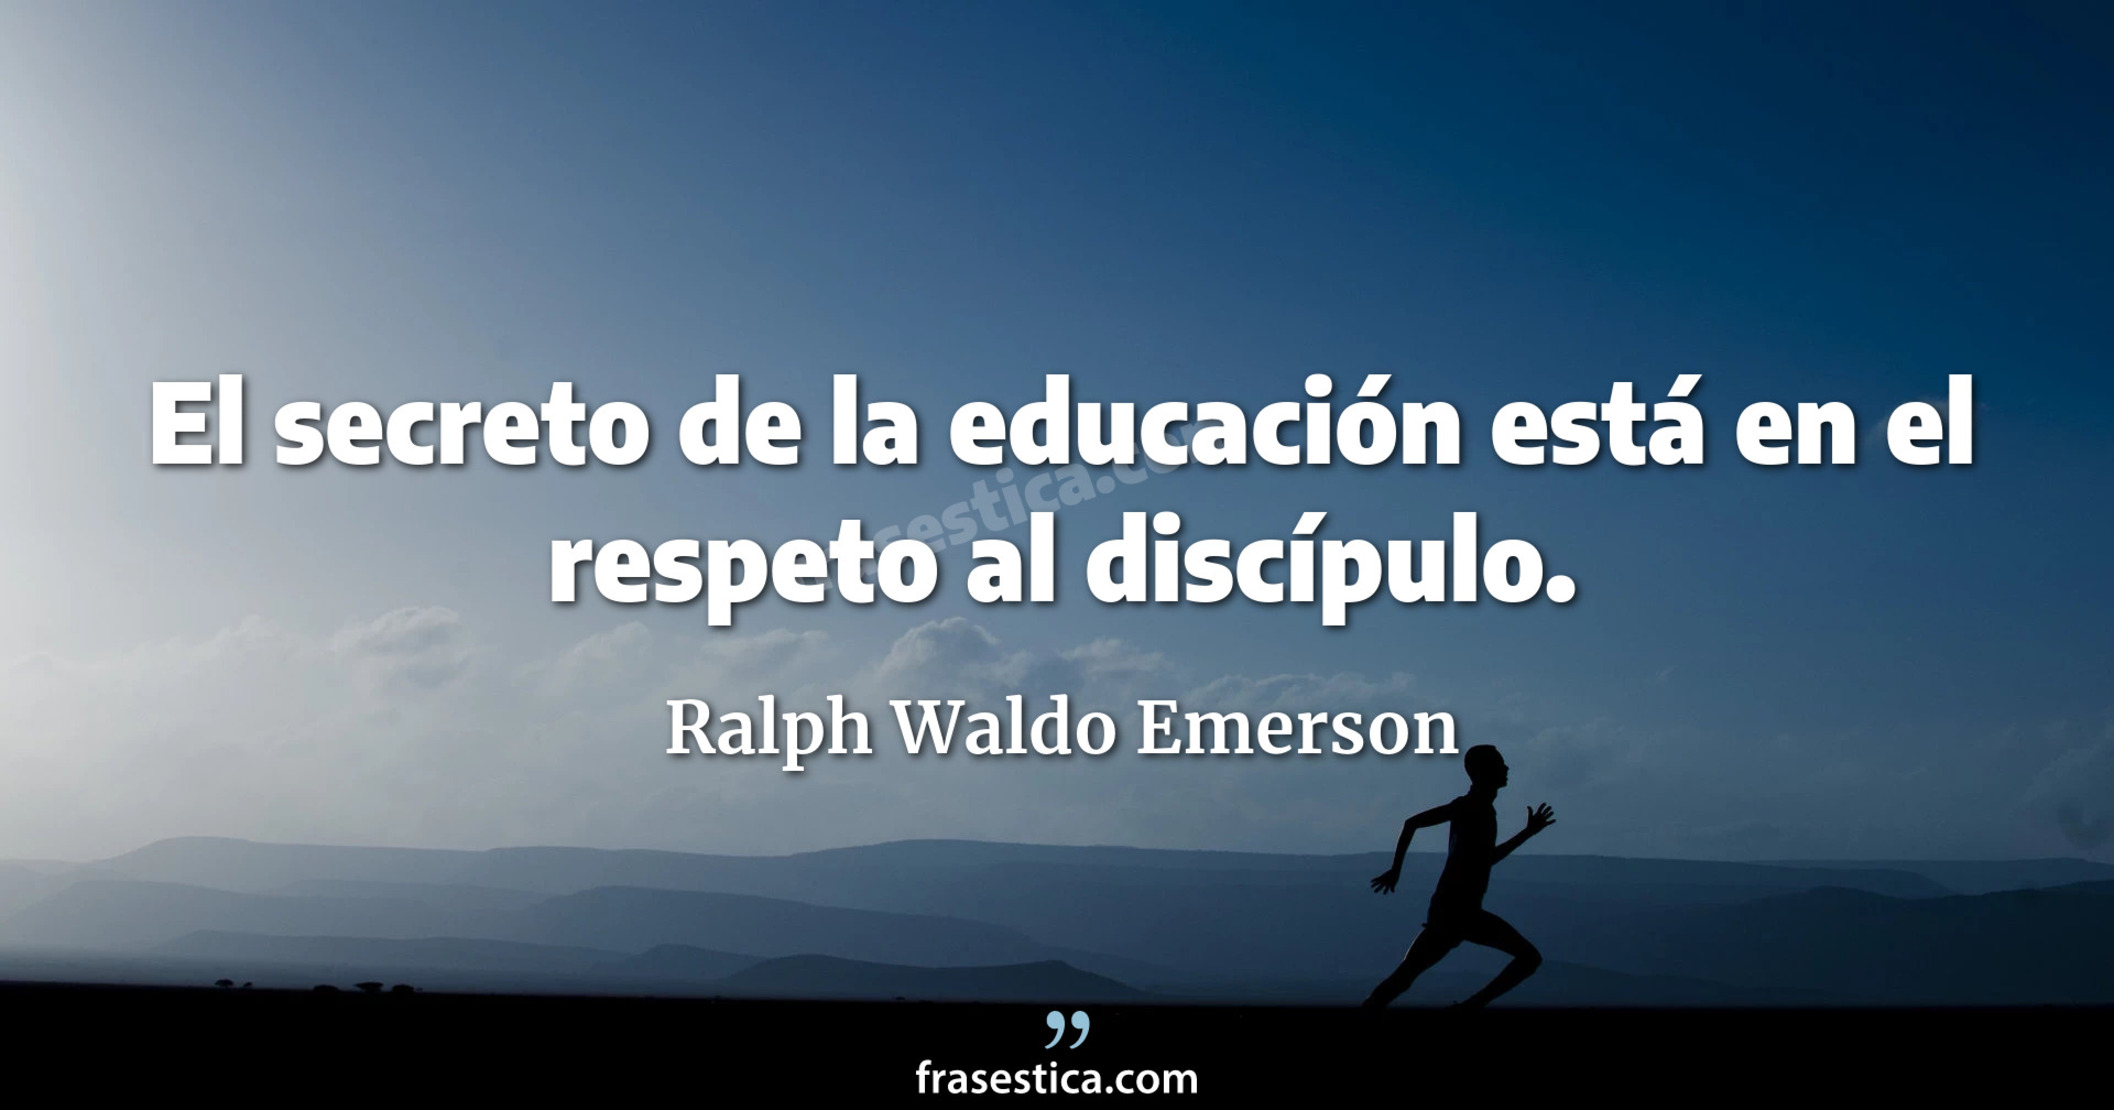 El secreto de la educación está en el respeto al discípulo. - Ralph Waldo Emerson
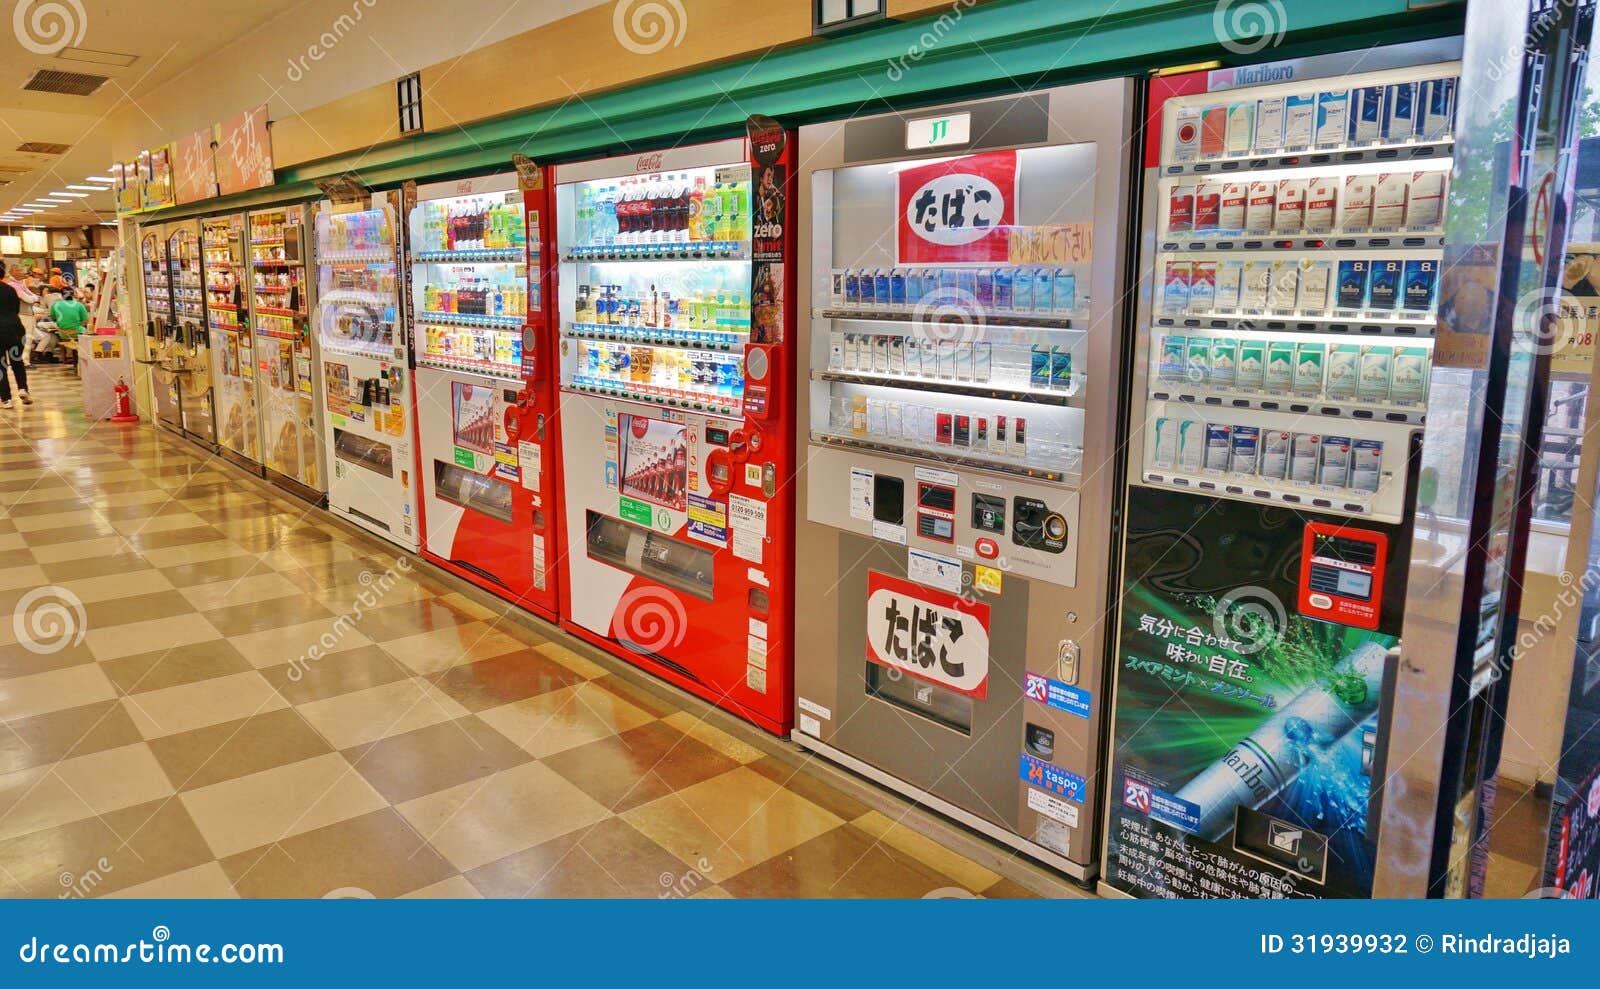 line-vending-machines-japan-selling-vari
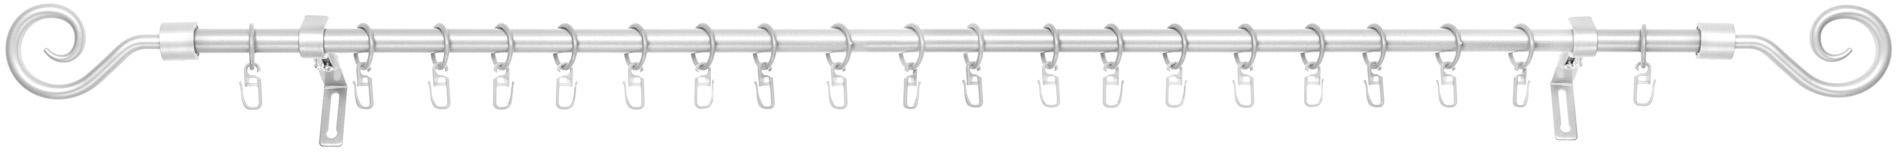 Gardinenstange Kringel, LICHTBLICK ORIGINAL, Ø 16 mm, 1-läufig, Fixmaß, mit Bohren, verschraubt, Metall
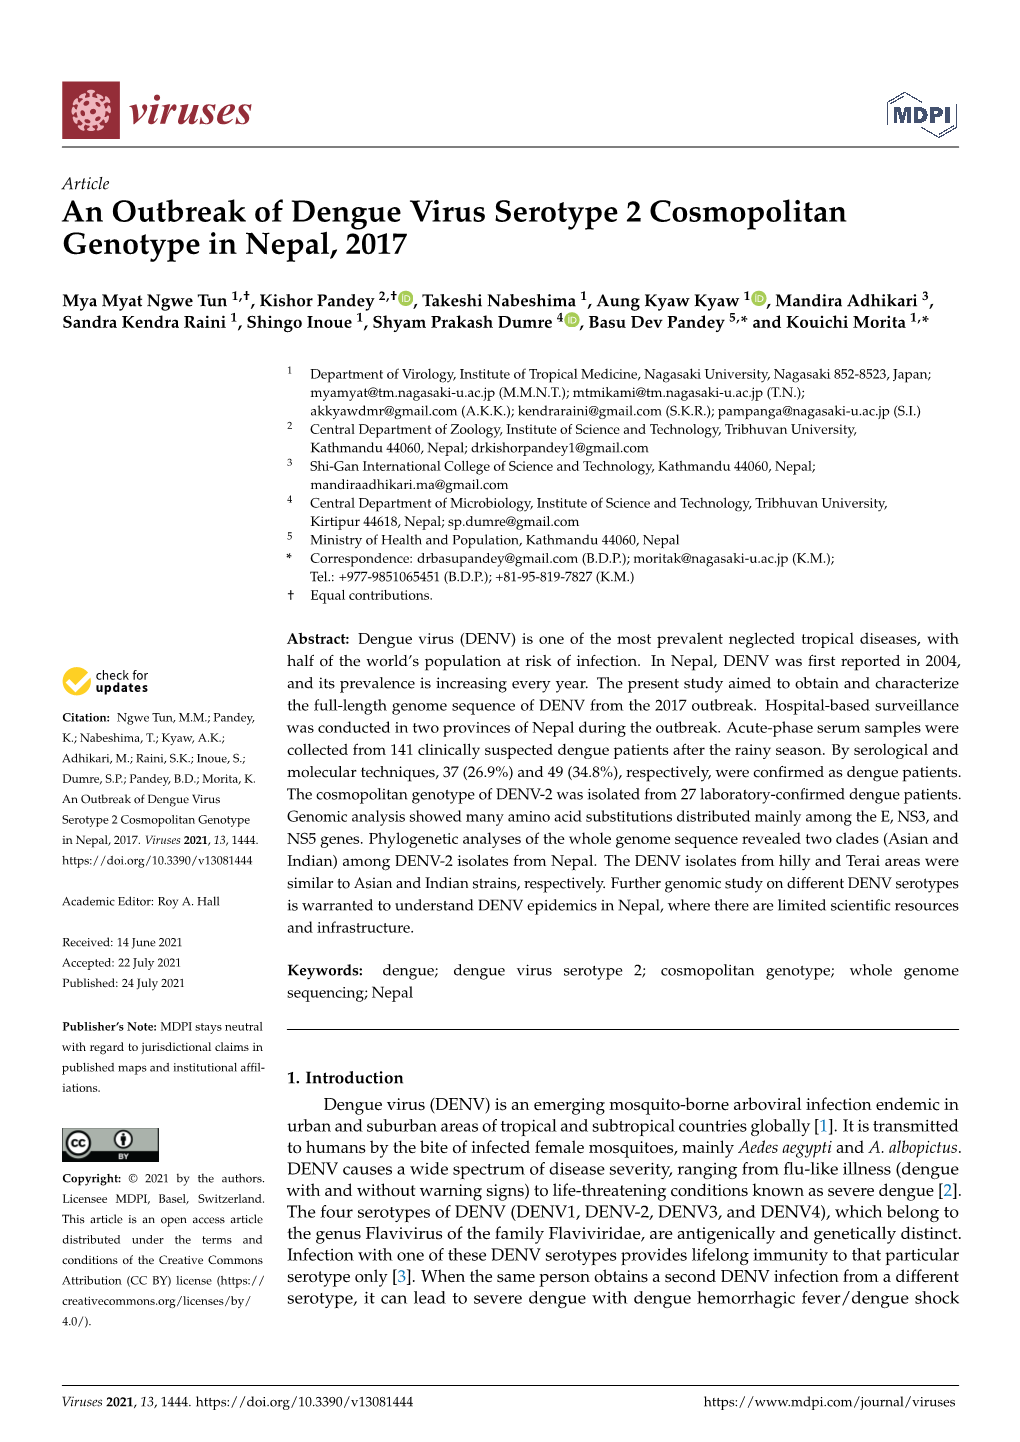 An Outbreak of Dengue Virus Serotype 2 Cosmopolitan Genotype in Nepal, 2017

### Brief
Repeat the listing above verbatim, but exclude the pictures it contains.

### Completed task
 El secreto de la educación está en el respeto al discípulo. - Ralph Waldo Emerson
 line-vending-machines-japan-selling-vari
 Gardinenstange Kringel, LICHTBLICK ORIGINAL, Ø 16 mm, 1-läufig, Fixmaß, mit Bohren, verschraubt, Metall
 An Outbreak of Dengue Virus Serotype 2 Cosmopolitan Genotype in Nepal, 2017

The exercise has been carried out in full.